Is CVE-2026-43995 actively exploited?

No confirmed active exploitation of CVE-2026-43995 has been reported, but organizations should still patch proactively.

How to fix CVE-2026-43995?

1. Patch: Upgrade Flowise to 3.1.0 immediately — this is the only complete fix. 2. If patching is blocked: disable WebScraperTool, OpenAPIToolkit, MCP core, and Arxiv tools in affected flows. 3. Network controls: Block outbound HTTP from the Flowise host to cloud metadata ranges (169.254.169.254, 100.100.100.200) and RFC-1918 space at the host firewall level. 4. IMDSv2 enforcement: If running on AWS EC2, enforce IMDSv2 (PUT-based token required) to mitigate metadata SSRF even if exploited. 5. Detection: Monitor Flowise host outbound HTTP logs for requests to internal IP ranges, metadata endpoints, or unexpected internal hostnames. 6. Audit flows: Review all deployed Flowise flows for use of the four affected tools and assess blast radius if SSRF were achieved from each deployment context.

What systems are affected by CVE-2026-43995?

This vulnerability affects the following AI/ML architecture patterns: agent frameworks, RAG pipelines, LLM workflows, MCP tool integrations.

What is the CVSS score for CVE-2026-43995?

No CVSS score has been assigned yet.

Technical Details

NVD Description

Flowise is a drag & drop user interface to build a customized large language model flow.
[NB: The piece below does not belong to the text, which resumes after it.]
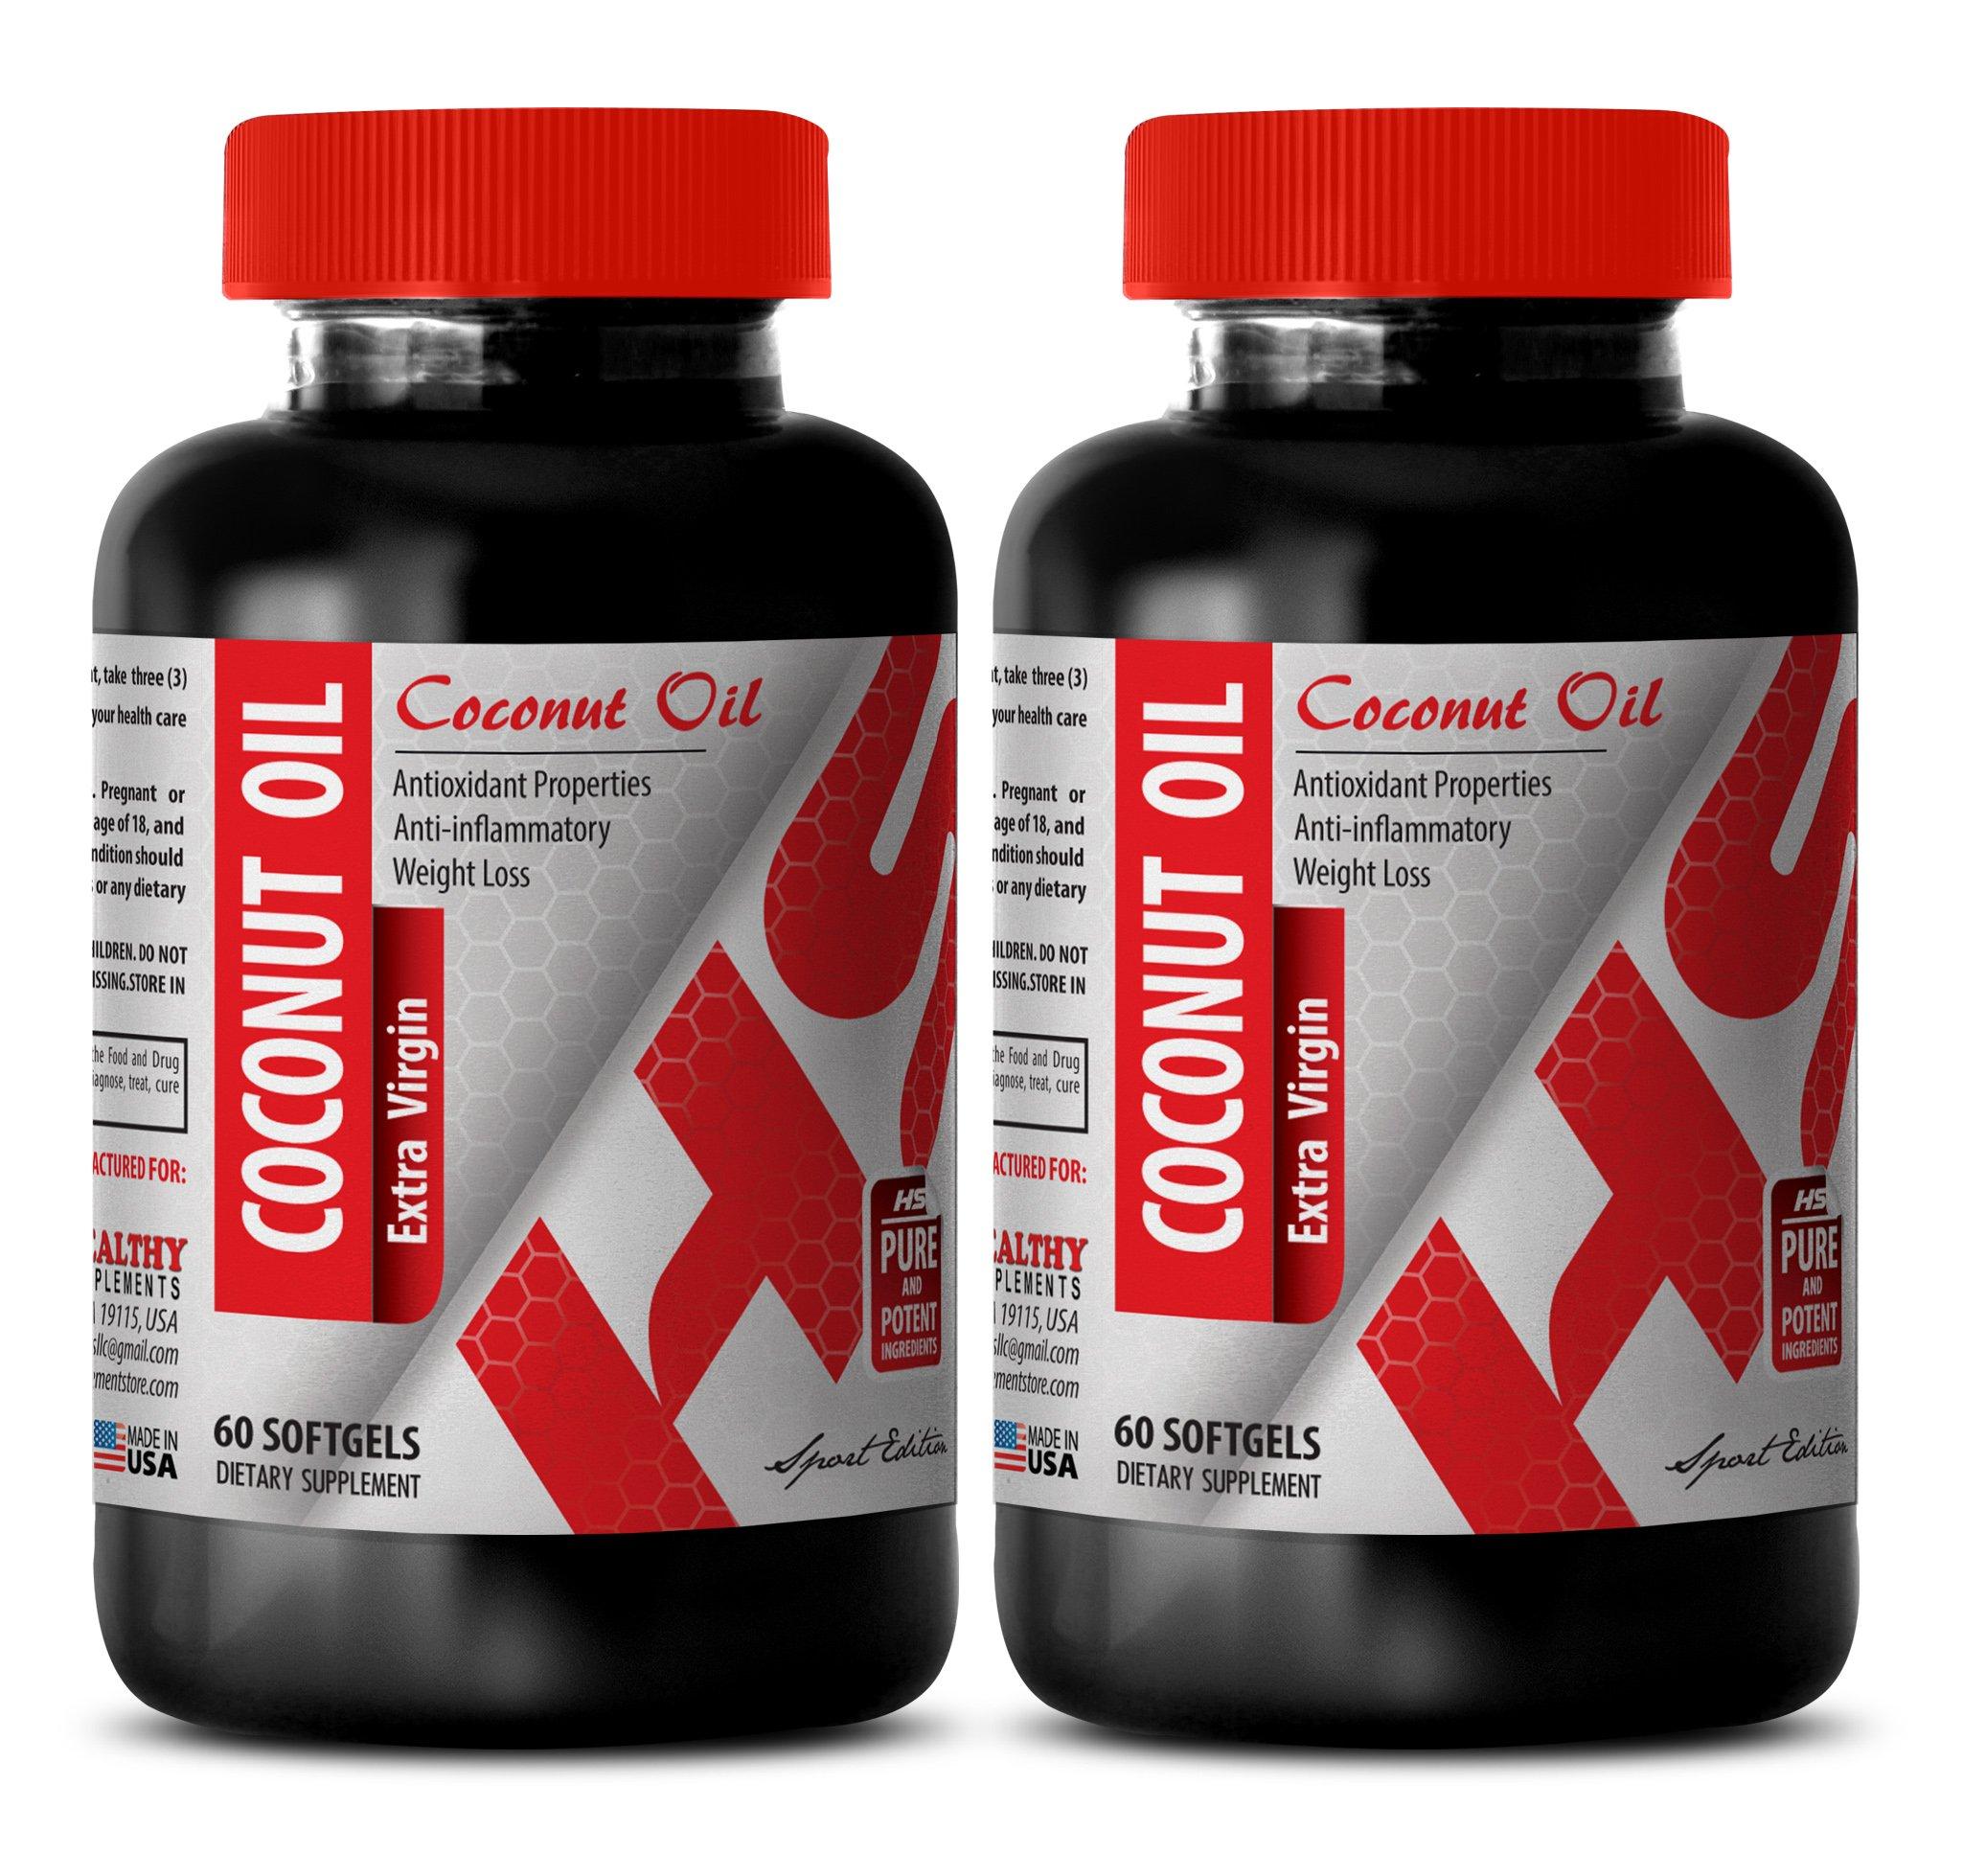 Organic coconut oil capsules extra virgin 1000 mg - PURIFIED COCONUT OIL EXTRA VIRGIN 3000 MG - improve digestion (2 Bottles)

Prior to 3.1.0, multiple tool implementations directly import and invoke raw HTTP clients (node-fetch, axios) instead of using the secured wrapper. These tools include (1) OpenAPIToolkit/OpenAPIToolkit.ts, (2) WebScraperTool/WebScraperTool.ts, (3) MCP/core.ts, and (4) Arxiv/core.ts. This vulnerability is fixed in 3.1.0.

Exploitation Scenario

An attacker targets an organization's Flowise deployment used for an internal research assistant that auto-scrapes URLs from user queries. The attacker submits a query containing a URL pointing to `http://169.254.169.254/latest/meta-data/iam/security-credentials/` — WebScraperTool, using raw axios without the secured wrapper's SSRF protection, fetches the endpoint and returns temporary AWS IAM credentials. The LLM processes the credential response and may surface them in its output or the attacker exfiltrates them via a follow-up injection. With short-lived EC2 role credentials, the attacker then pivots to S3 buckets containing training data, vector database dumps, or other sensitive AI artifacts.